**THE DATA**
--

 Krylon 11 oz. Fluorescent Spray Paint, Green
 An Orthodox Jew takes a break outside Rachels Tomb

--

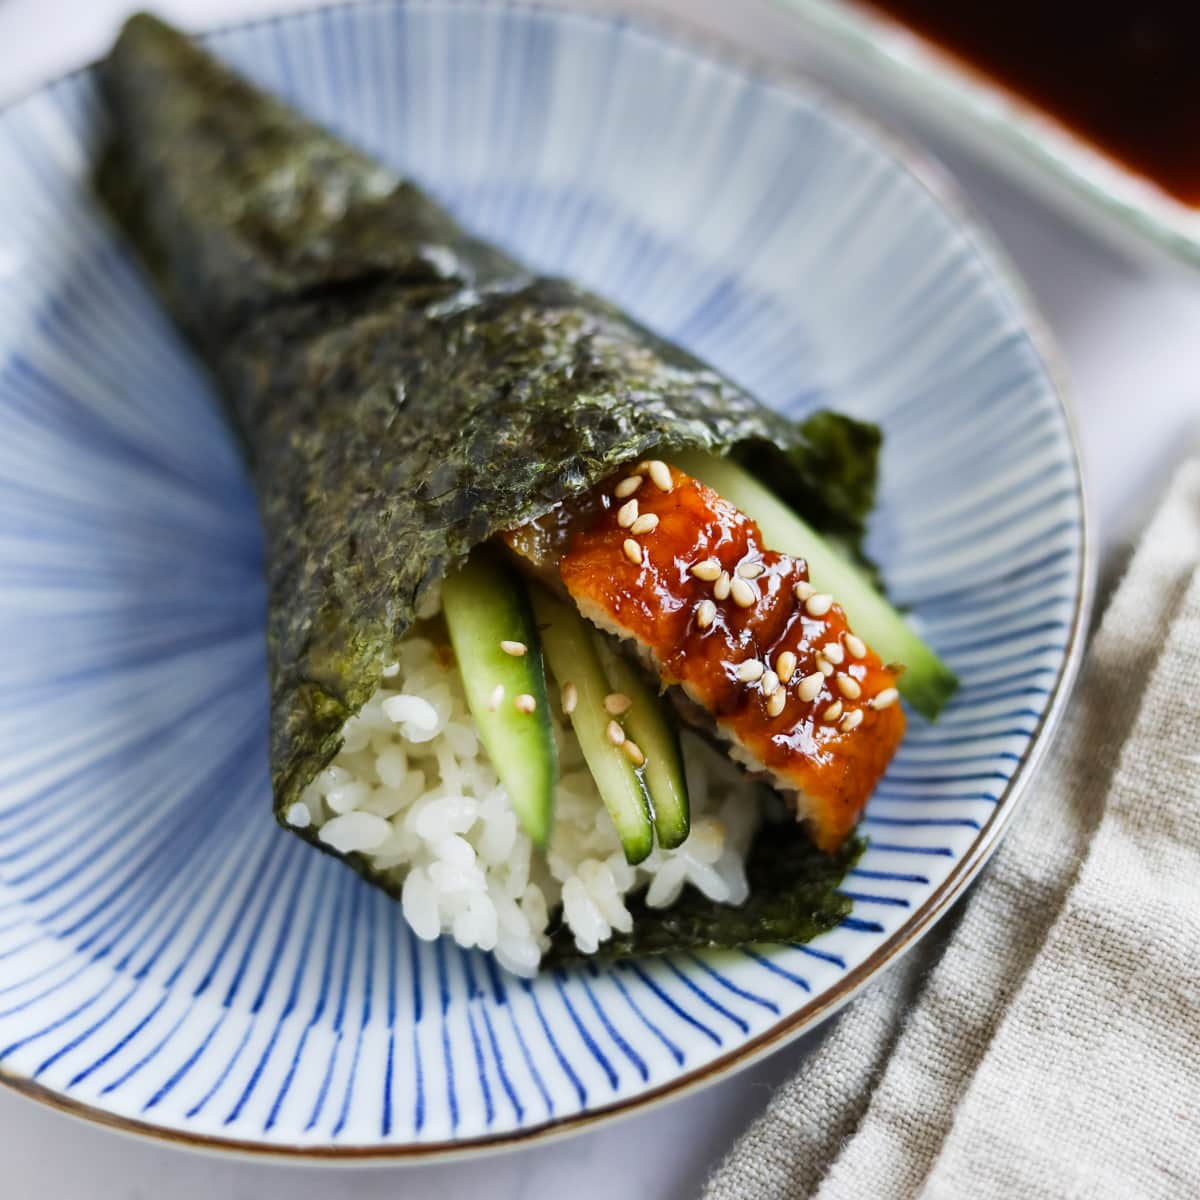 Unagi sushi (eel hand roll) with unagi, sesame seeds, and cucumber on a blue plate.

--

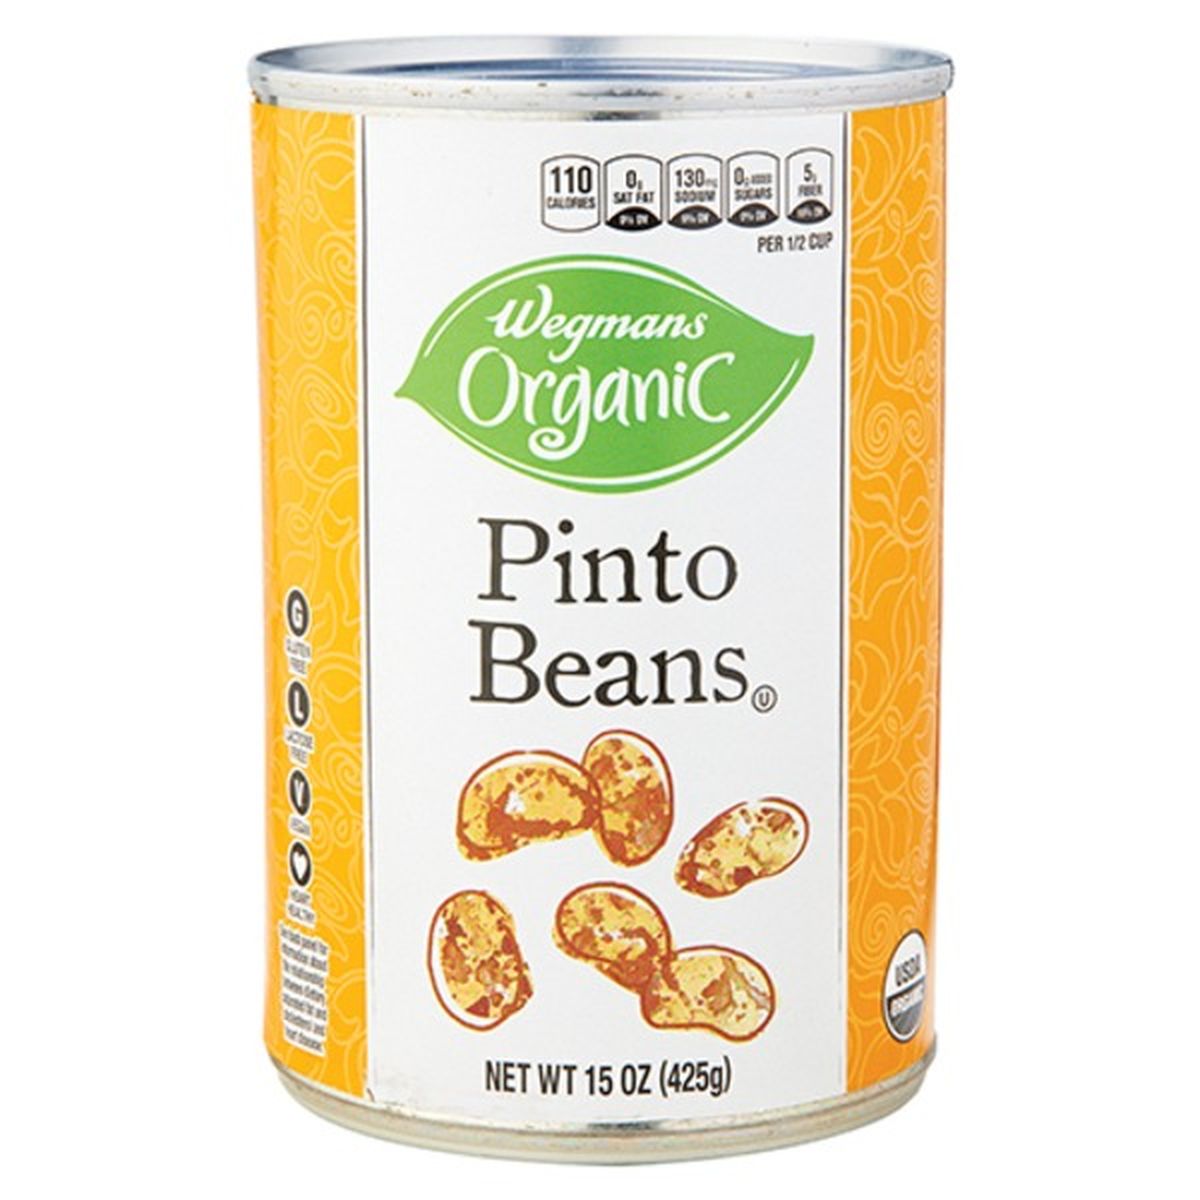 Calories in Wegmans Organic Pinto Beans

--

**WORK TO COMPLETE**
Your answer must be the lines above from the one containing "Krylon 11 oz. Fluorescent Spray Paint, Green" to the one containing "An Orthodox Jew", both included, restated word for word.

**EXERCISE RESPONSE**
 Krylon 11 oz. Fluorescent Spray Paint, Green
 An Orthodox Jew takes a break outside Rachels Tomb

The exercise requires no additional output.